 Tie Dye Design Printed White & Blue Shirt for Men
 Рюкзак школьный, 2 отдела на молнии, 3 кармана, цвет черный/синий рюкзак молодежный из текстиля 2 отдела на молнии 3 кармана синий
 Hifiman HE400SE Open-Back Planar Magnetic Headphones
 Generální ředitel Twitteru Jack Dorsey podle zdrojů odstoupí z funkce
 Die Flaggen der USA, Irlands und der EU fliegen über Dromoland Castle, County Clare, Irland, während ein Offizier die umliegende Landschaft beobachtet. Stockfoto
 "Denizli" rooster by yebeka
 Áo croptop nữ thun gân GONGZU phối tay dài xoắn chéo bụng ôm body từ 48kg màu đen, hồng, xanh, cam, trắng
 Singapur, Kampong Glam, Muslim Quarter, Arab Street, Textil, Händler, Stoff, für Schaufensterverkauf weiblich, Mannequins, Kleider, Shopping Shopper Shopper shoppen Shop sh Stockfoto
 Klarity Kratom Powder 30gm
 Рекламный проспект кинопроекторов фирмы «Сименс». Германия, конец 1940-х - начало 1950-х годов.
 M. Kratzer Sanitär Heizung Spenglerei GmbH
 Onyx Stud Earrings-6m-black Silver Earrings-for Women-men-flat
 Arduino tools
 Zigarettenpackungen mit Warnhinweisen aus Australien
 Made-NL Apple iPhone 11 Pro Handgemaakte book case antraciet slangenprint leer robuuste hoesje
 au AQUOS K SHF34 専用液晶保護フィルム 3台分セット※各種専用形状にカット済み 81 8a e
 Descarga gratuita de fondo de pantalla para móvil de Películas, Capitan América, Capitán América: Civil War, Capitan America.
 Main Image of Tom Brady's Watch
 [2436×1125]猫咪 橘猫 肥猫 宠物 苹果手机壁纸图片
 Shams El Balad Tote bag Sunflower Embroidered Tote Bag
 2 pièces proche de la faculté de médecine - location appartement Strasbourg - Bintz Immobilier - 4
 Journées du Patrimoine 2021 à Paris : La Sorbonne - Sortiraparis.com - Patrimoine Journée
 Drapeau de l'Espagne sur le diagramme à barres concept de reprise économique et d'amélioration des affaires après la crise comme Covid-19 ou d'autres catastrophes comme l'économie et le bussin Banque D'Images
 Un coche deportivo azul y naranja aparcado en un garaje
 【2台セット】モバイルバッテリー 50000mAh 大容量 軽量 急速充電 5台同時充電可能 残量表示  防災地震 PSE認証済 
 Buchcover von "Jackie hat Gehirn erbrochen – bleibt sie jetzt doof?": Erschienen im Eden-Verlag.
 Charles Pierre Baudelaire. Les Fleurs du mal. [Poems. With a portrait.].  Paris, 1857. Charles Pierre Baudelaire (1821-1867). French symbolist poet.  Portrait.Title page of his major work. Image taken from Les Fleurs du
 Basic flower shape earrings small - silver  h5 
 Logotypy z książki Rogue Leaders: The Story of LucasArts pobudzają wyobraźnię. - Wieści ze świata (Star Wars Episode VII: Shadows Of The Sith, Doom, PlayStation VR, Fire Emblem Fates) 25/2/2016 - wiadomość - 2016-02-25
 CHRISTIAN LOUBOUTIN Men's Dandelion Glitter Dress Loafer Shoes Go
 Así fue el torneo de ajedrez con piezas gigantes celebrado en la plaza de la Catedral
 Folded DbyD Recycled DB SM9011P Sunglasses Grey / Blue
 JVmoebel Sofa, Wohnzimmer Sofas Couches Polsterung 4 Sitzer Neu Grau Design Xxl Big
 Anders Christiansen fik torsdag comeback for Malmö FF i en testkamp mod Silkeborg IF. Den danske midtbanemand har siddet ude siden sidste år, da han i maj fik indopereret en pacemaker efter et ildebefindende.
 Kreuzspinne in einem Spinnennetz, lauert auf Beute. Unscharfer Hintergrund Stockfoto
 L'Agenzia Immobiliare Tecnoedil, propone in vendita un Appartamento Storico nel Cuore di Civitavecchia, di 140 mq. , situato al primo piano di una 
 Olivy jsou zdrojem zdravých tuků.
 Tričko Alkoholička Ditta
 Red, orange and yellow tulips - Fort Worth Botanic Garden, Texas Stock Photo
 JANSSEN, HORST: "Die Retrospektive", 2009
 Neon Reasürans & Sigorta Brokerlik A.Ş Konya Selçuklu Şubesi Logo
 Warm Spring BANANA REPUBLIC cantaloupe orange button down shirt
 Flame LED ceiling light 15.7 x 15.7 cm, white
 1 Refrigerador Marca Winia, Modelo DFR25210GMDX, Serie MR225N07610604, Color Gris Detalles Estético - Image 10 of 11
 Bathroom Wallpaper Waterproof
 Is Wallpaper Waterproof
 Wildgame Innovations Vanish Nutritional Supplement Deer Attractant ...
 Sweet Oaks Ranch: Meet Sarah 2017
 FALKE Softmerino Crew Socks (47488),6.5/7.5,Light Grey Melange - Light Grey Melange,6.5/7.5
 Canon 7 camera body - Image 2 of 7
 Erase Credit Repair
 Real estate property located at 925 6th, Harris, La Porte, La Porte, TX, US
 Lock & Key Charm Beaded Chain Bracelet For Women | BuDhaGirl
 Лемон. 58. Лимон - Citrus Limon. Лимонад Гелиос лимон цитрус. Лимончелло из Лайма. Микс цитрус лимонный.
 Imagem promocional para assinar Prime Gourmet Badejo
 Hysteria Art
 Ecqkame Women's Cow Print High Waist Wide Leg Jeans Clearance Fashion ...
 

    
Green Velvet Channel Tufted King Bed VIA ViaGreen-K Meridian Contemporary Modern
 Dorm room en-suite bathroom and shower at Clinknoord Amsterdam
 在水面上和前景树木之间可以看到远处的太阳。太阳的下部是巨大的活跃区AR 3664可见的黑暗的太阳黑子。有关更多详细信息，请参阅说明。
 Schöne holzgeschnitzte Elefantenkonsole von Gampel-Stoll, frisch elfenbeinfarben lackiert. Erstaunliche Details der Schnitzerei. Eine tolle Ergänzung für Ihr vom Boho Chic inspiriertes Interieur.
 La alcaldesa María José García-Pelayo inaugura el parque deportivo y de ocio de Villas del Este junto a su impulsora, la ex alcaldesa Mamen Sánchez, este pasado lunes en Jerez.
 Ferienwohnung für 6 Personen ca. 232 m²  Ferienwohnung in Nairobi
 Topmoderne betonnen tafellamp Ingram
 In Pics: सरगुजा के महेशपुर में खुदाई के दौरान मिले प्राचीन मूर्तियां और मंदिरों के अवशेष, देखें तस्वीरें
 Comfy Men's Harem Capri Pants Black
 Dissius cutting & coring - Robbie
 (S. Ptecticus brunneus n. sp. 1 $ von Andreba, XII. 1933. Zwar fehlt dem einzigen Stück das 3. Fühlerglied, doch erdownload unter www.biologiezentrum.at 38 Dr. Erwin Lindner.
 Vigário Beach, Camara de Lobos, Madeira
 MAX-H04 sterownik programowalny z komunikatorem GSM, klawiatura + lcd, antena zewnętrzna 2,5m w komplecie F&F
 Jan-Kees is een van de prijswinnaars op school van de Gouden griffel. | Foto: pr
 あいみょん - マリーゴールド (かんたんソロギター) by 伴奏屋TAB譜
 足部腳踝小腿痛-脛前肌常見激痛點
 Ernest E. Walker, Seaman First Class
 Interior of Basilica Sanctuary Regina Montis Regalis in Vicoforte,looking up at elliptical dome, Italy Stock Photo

··········

• **Instructions to follow**: Set down the listing above in full, please, exactly as it appears.

• **Written answer**:
 Tie Dye Design Printed White & Blue Shirt for Men
 Рюкзак школьный, 2 отдела на молнии, 3 кармана, цвет черный/синий рюкзак молодежный из текстиля 2 отдела на молнии 3 кармана синий
 Hifiman HE400SE Open-Back Planar Magnetic Headphones
 Generální ředitel Twitteru Jack Dorsey podle zdrojů odstoupí z funkce
 Die Flaggen der USA, Irlands und der EU fliegen über Dromoland Castle, County Clare, Irland, während ein Offizier die umliegende Landschaft beobachtet. Stockfoto
 "Denizli" rooster by yebeka
 Áo croptop nữ thun gân GONGZU phối tay dài xoắn chéo bụng ôm body từ 48kg màu đen, hồng, xanh, cam, trắng
 Singapur, Kampong Glam, Muslim Quarter, Arab Street, Textil, Händler, Stoff, für Schaufensterverkauf weiblich, Mannequins, Kleider, Shopping Shopper Shopper shoppen Shop sh Stockfoto
 Klarity Kratom Powder 30gm
 Рекламный проспект кинопроекторов фирмы «Сименс». Германия, конец 1940-х - начало 1950-х годов.
 M. Kratzer Sanitär Heizung Spenglerei GmbH
 Onyx Stud Earrings-6m-black Silver Earrings-for Women-men-flat
 Arduino tools
 Zigarettenpackungen mit Warnhinweisen aus Australien
 Made-NL Apple iPhone 11 Pro Handgemaakte book case antraciet slangenprint leer robuuste hoesje
 au AQUOS K SHF34 専用液晶保護フィルム 3台分セット※各種専用形状にカット済み 81 8a e
 Descarga gratuita de fondo de pantalla para móvil de Películas, Capitan América, Capitán América: Civil War, Capitan America.
 Main Image of Tom Brady's Watch
 [2436×1125]猫咪 橘猫 肥猫 宠物 苹果手机壁纸图片
 Shams El Balad Tote bag Sunflower Embroidered Tote Bag
 2 pièces proche de la faculté de médecine - location appartement Strasbourg - Bintz Immobilier - 4
 Journées du Patrimoine 2021 à Paris : La Sorbonne - Sortiraparis.com - Patrimoine Journée
 Drapeau de l'Espagne sur le diagramme à barres concept de reprise économique et d'amélioration des affaires après la crise comme Covid-19 ou d'autres catastrophes comme l'économie et le bussin Banque D'Images
 Un coche deportivo azul y naranja aparcado en un garaje
 【2台セット】モバイルバッテリー 50000mAh 大容量 軽量 急速充電 5台同時充電可能 残量表示  防災地震 PSE認証済 
 Buchcover von "Jackie hat Gehirn erbrochen – bleibt sie jetzt doof?": Erschienen im Eden-Verlag.
 Charles Pierre Baudelaire. Les Fleurs du mal. [Poems. With a portrait.].  Paris, 1857. Charles Pierre Baudelaire (1821-1867). French symbolist poet.  Portrait.Title page of his major work. Image taken from Les Fleurs du
 Basic flower shape earrings small - silver  h5 
 Logotypy z książki Rogue Leaders: The Story of LucasArts pobudzają wyobraźnię. - Wieści ze świata (Star Wars Episode VII: Shadows Of The Sith, Doom, PlayStation VR, Fire Emblem Fates) 25/2/2016 - wiadomość - 2016-02-25
 CHRISTIAN LOUBOUTIN Men's Dandelion Glitter Dress Loafer Shoes Go
 Así fue el torneo de ajedrez con piezas gigantes celebrado en la plaza de la Catedral
 Folded DbyD Recycled DB SM9011P Sunglasses Grey / Blue
 JVmoebel Sofa, Wohnzimmer Sofas Couches Polsterung 4 Sitzer Neu Grau Design Xxl Big
 Anders Christiansen fik torsdag comeback for Malmö FF i en testkamp mod Silkeborg IF. Den danske midtbanemand har siddet ude siden sidste år, da han i maj fik indopereret en pacemaker efter et ildebefindende.
 Kreuzspinne in einem Spinnennetz, lauert auf Beute. Unscharfer Hintergrund Stockfoto
 L'Agenzia Immobiliare Tecnoedil, propone in vendita un Appartamento Storico nel Cuore di Civitavecchia, di 140 mq. , situato al primo piano di una 
 Olivy jsou zdrojem zdravých tuků.
 Tričko Alkoholička Ditta
 Red, orange and yellow tulips - Fort Worth Botanic Garden, Texas Stock Photo
 JANSSEN, HORST: "Die Retrospektive", 2009
 Neon Reasürans & Sigorta Brokerlik A.Ş Konya Selçuklu Şubesi Logo
 Warm Spring BANANA REPUBLIC cantaloupe orange button down shirt
 Flame LED ceiling light 15.7 x 15.7 cm, white
 1 Refrigerador Marca Winia, Modelo DFR25210GMDX, Serie MR225N07610604, Color Gris Detalles Estético - Image 10 of 11
 Bathroom Wallpaper Waterproof
 Is Wallpaper Waterproof
 Wildgame Innovations Vanish Nutritional Supplement Deer Attractant ...
 Sweet Oaks Ranch: Meet Sarah 2017
 FALKE Softmerino Crew Socks (47488),6.5/7.5,Light Grey Melange - Light Grey Melange,6.5/7.5
 Canon 7 camera body - Image 2 of 7
 Erase Credit Repair
 Real estate property located at 925 6th, Harris, La Porte, La Porte, TX, US
 Lock & Key Charm Beaded Chain Bracelet For Women | BuDhaGirl
 Лемон. 58. Лимон - Citrus Limon. Лимонад Гелиос лимон цитрус. Лимончелло из Лайма. Микс цитрус лимонный.
 Imagem promocional para assinar Prime Gourmet Badejo
 Hysteria Art
 Ecqkame Women's Cow Print High Waist Wide Leg Jeans Clearance Fashion ...
 

    
Green Velvet Channel Tufted King Bed VIA ViaGreen-K Meridian Contemporary Modern
 Dorm room en-suite bathroom and shower at Clinknoord Amsterdam
 在水面上和前景树木之间可以看到远处的太阳。太阳的下部是巨大的活跃区AR 3664可见的黑暗的太阳黑子。有关更多详细信息，请参阅说明。
 Schöne holzgeschnitzte Elefantenkonsole von Gampel-Stoll, frisch elfenbeinfarben lackiert. Erstaunliche Details der Schnitzerei. Eine tolle Ergänzung für Ihr vom Boho Chic inspiriertes Interieur.
 La alcaldesa María José García-Pelayo inaugura el parque deportivo y de ocio de Villas del Este junto a su impulsora, la ex alcaldesa Mamen Sánchez, este pasado lunes en Jerez.
 Ferienwohnung für 6 Personen ca. 232 m²  Ferienwohnung in Nairobi
 Topmoderne betonnen tafellamp Ingram
 In Pics: सरगुजा के महेशपुर में खुदाई के दौरान मिले प्राचीन मूर्तियां और मंदिरों के अवशेष, देखें तस्वीरें
 Comfy Men's Harem Capri Pants Black
 Dissius cutting & coring - Robbie
 (S. Ptecticus brunneus n. sp. 1 $ von Andreba, XII. 1933. Zwar fehlt dem einzigen Stück das 3. Fühlerglied, doch erdownload unter www.biologiezentrum.at 38 Dr. Erwin Lindner.
 Vigário Beach, Camara de Lobos, Madeira
 MAX-H04 sterownik programowalny z komunikatorem GSM, klawiatura + lcd, antena zewnętrzna 2,5m w komplecie F&F
 Jan-Kees is een van de prijswinnaars op school van de Gouden griffel. | Foto: pr
 あいみょん - マリーゴールド (かんたんソロギター) by 伴奏屋TAB譜
 足部腳踝小腿痛-脛前肌常見激痛點
 Ernest E. Walker, Seaman First Class
 Interior of Basilica Sanctuary Regina Montis Regalis in Vicoforte,looking up at elliptical dome, Italy Stock Photo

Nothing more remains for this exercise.